DropboxFlop: A Python backdoor exploiting Dropbox
In October 2023, around the same time as the PixelDrain variant discovery, we found a new PyInstaller-bundled executable with SHA-256 hash DAFAD19900FFF383C2790E017C958A1E92E84F7BB159A2A7136923B715A4C94F. It appears that CeranaKeeper developed this based on a publicly available project called Dropflop, which is a reverse shell with upload and download capabilities. The compiled Python file is named dropboxflop.pyc. This backdoor retrieves an encrypted Dropbox token and relies on files in the remote Dropbox repository to execute commands on the machine. It creates a unique local folder, updates a remote file called lasttime every 15 seconds, and checks for a file named tasks for command execution and file upload tasks.
OneDoor: A C++ backdoor exploiting OneDrive
Shortly after deploying the Python backdoor DropboxFlop, CeranaKeeper introduced a statically linked C/C++ backdoor abusing OneDrive called OneDoor. The sample (SHA-256: 3F81D1E70D9EE39C83B582AC3BCC1CDFE038F5DA31331CDBCD4FF1A2D15BB7C8) is named OneDrive.exe and imitates the legitimate Microsoft executable, as seen in Figure 2.
OneDoor functions similarly to DropboxFlop but uses the OneDrive REST API of the Microsoft Graph API for receiving commands and exfiltrating files.
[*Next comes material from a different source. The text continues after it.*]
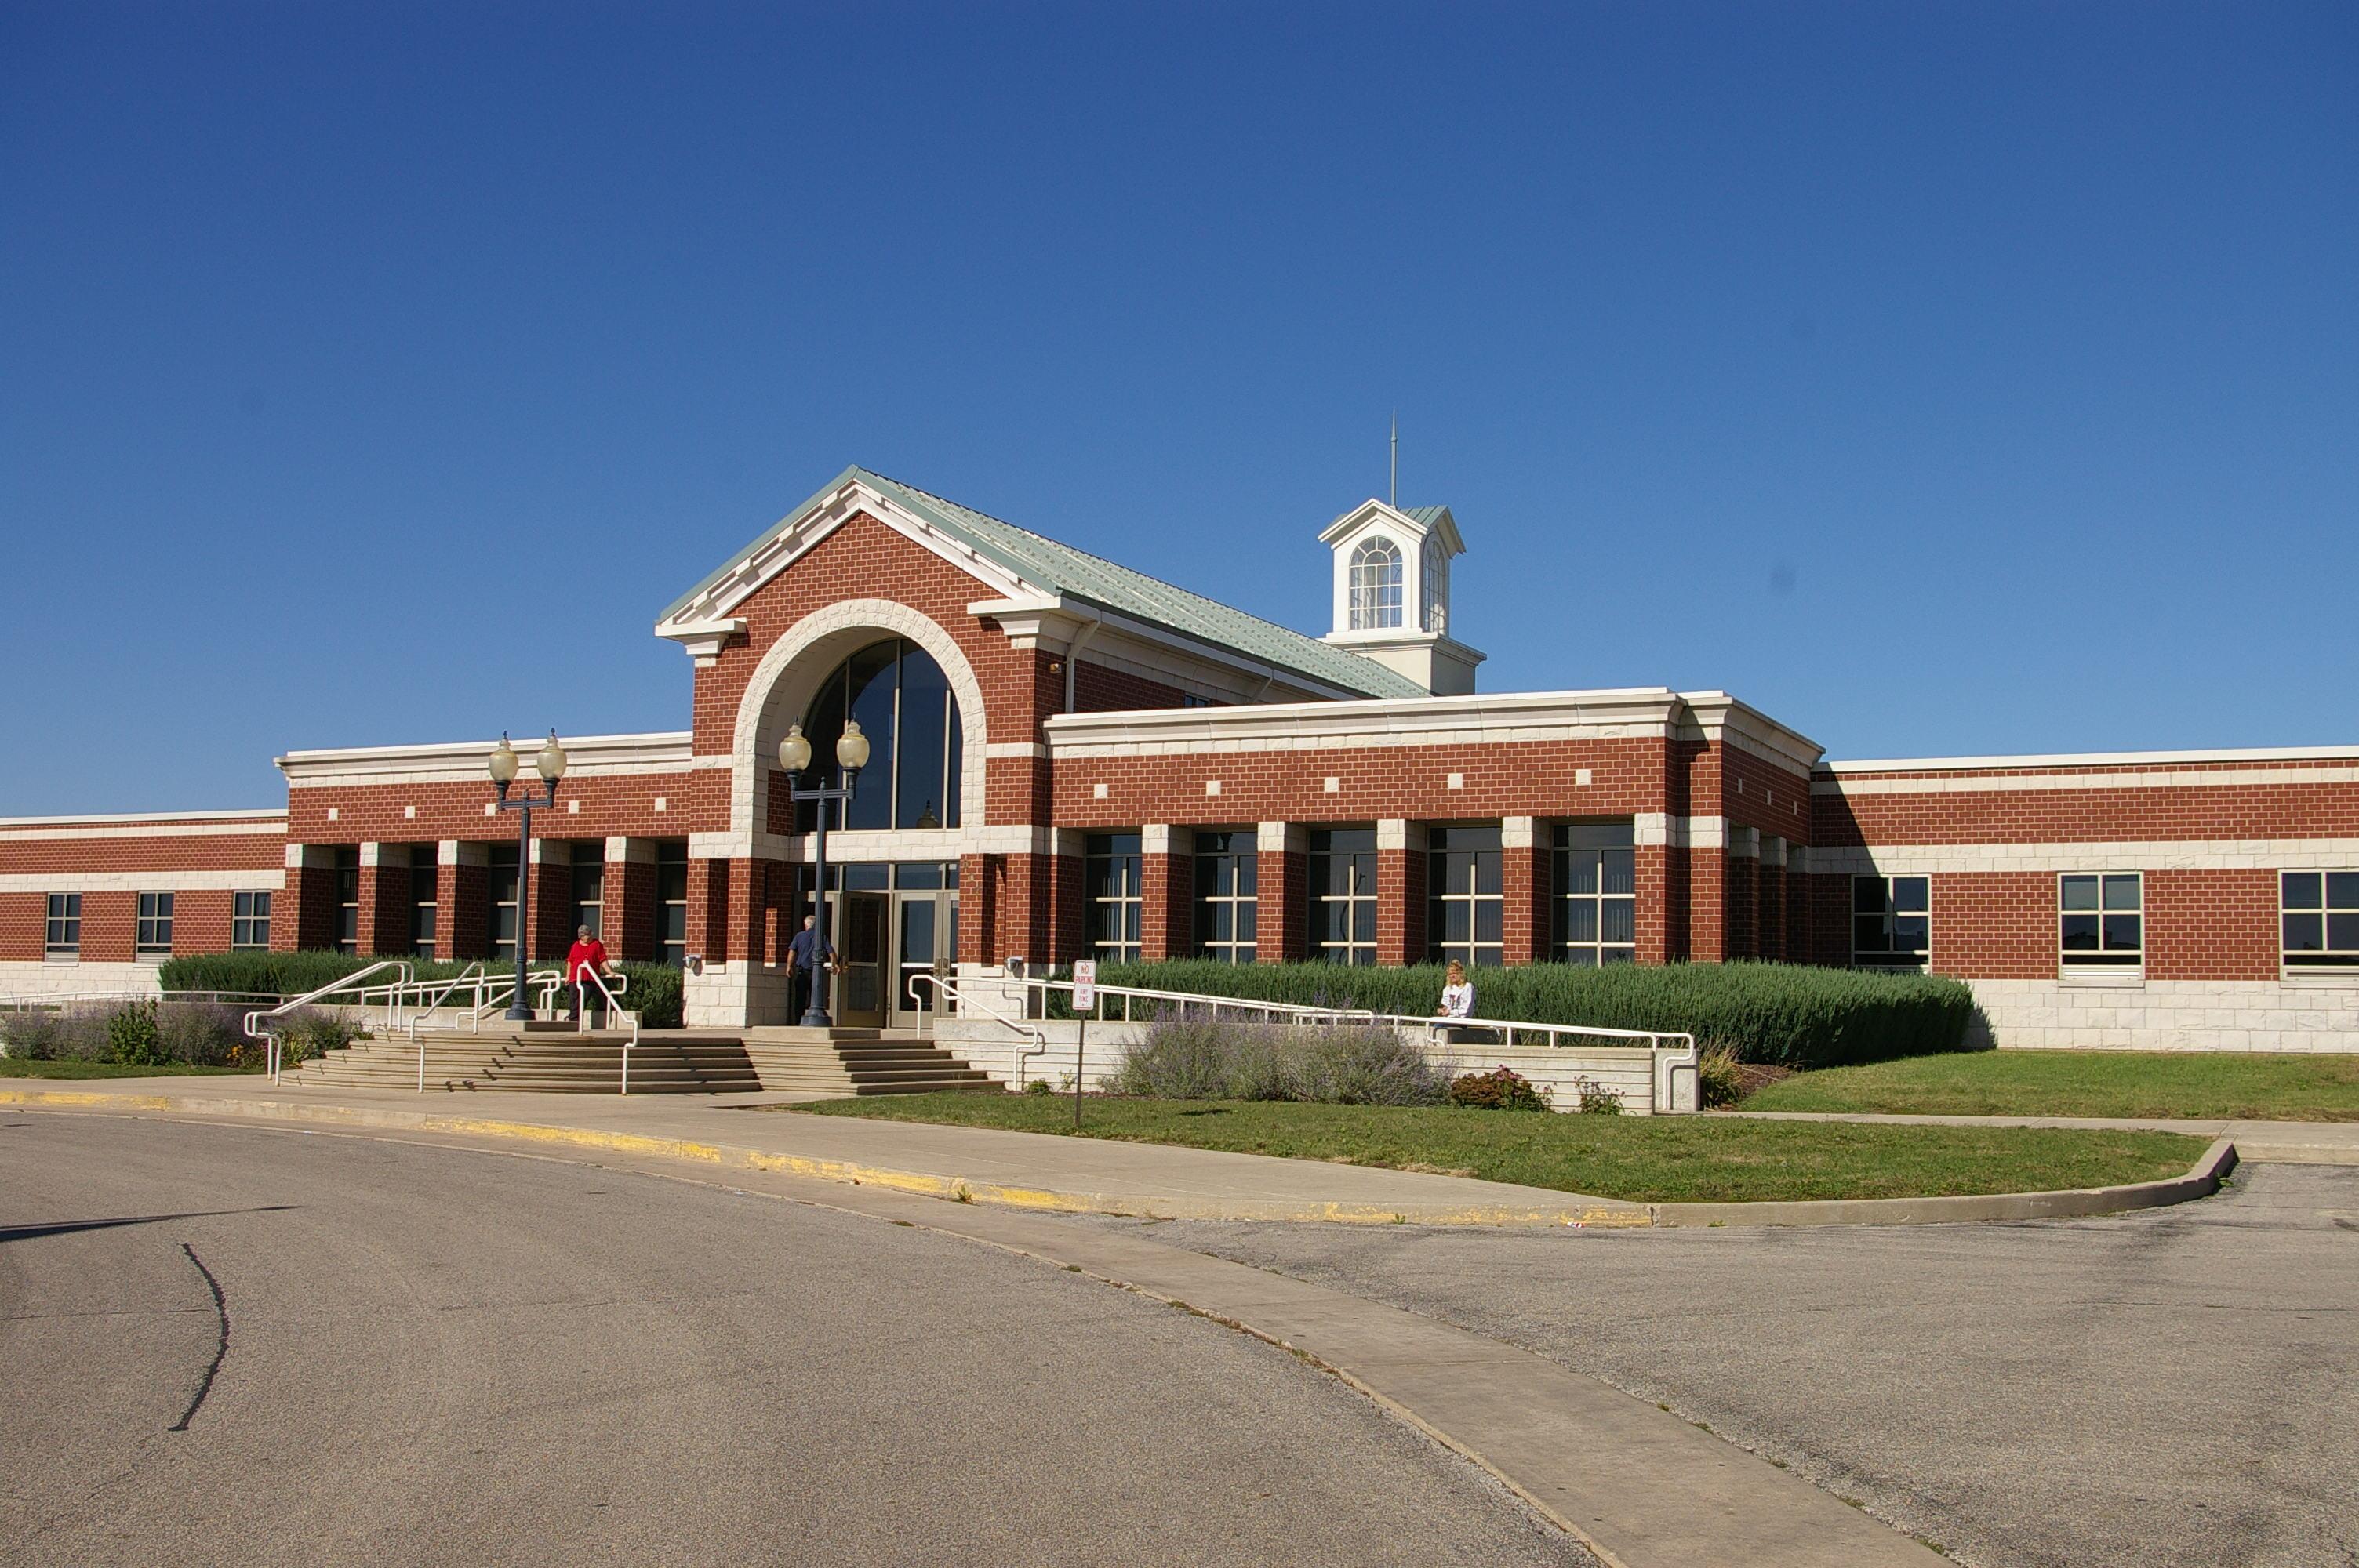 Illinois kendall county oswego - 0239k07

It creates a log file, accesses a config.ini file for decryption, and retrieves a folder ID called approot for storing application data.
Additionally, OneDoor attempts to access an errors.log file and retrieves lists of files from folders E and F on OneDrive for executing commands and uploading files, respectively. The results are encrypted and stored in a third folder on OneDrive, D, before the original files are deleted.
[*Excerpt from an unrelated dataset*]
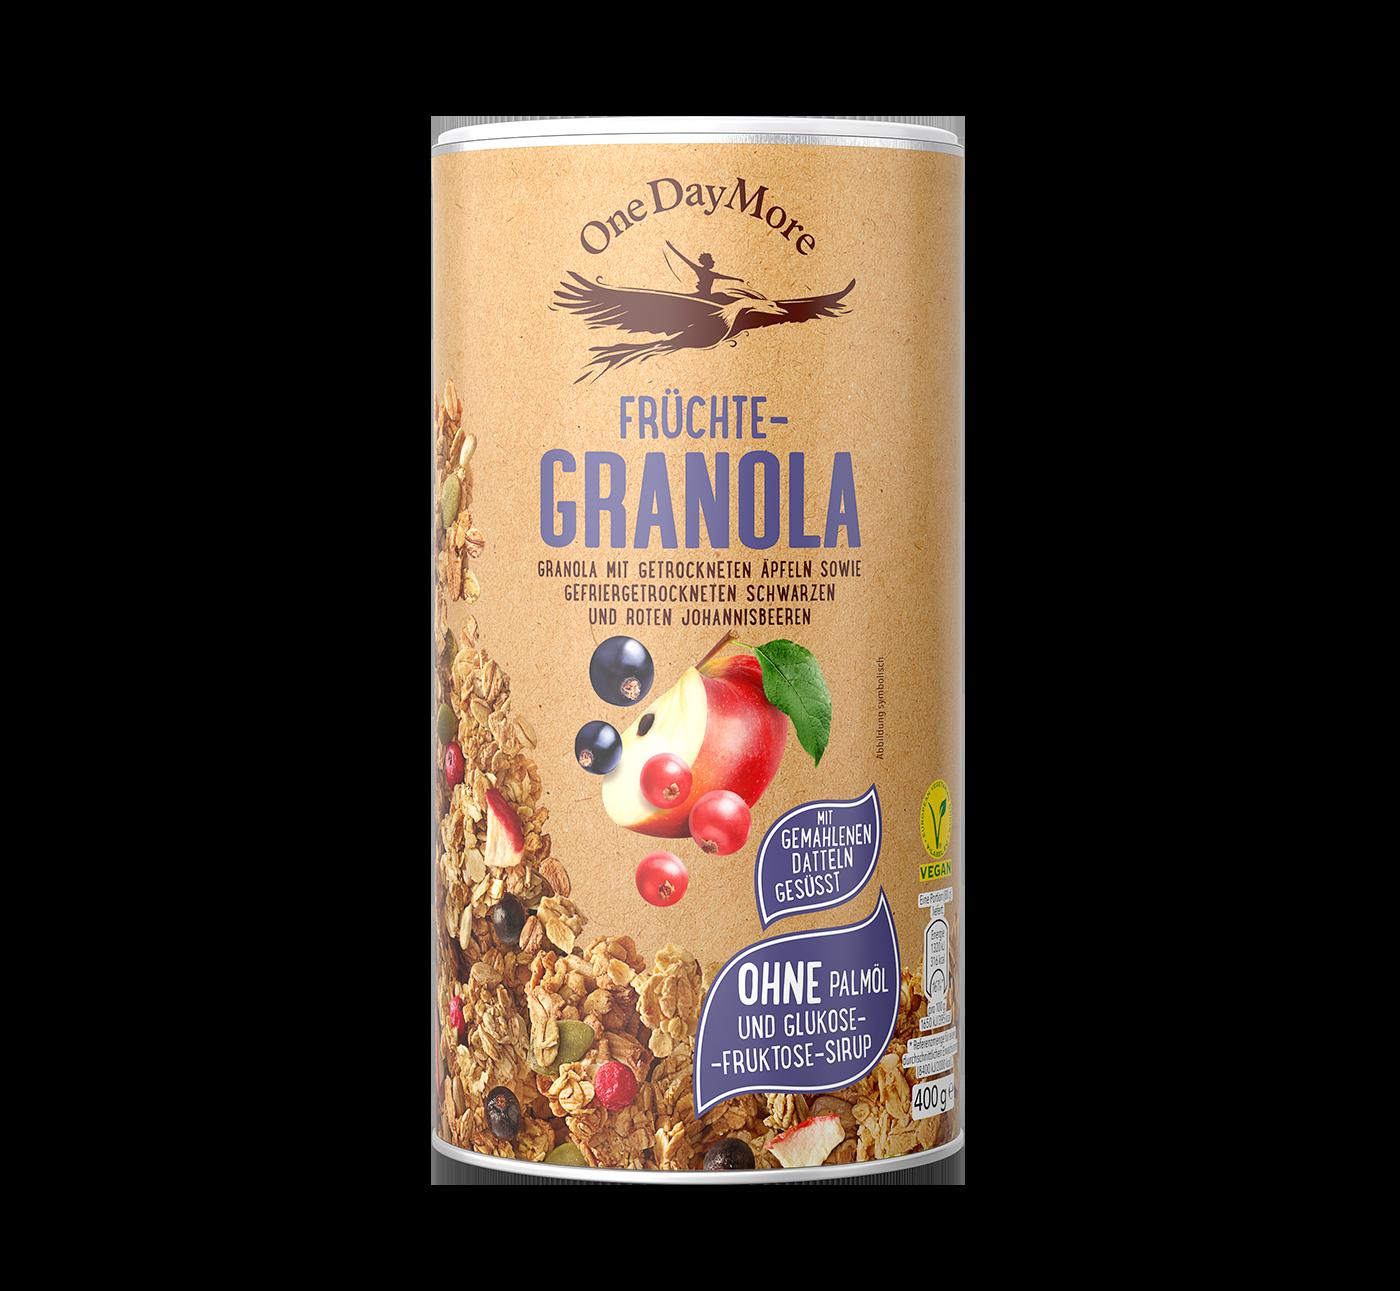 fruechte-granola-onedaymore-tuba-front-1400×1291

BingoShell: A Python backdoor exploiting GitHub
In February 2024, we discovered the most recent addition to the group’s exfiltration tools, named BingoShell for the string bingo# in a GitHub pull request title. The analyzed sample (SHA-256: 24E12B8B1255DF4E6619ED1A6AE1C75B17341EEF7418450E661B74B144570017) is named Update.exe and uses a Microsoft Office logo as its icon, as shown in Figure 3. According to the PE compilation timestamp, it was likely built in late January 2024.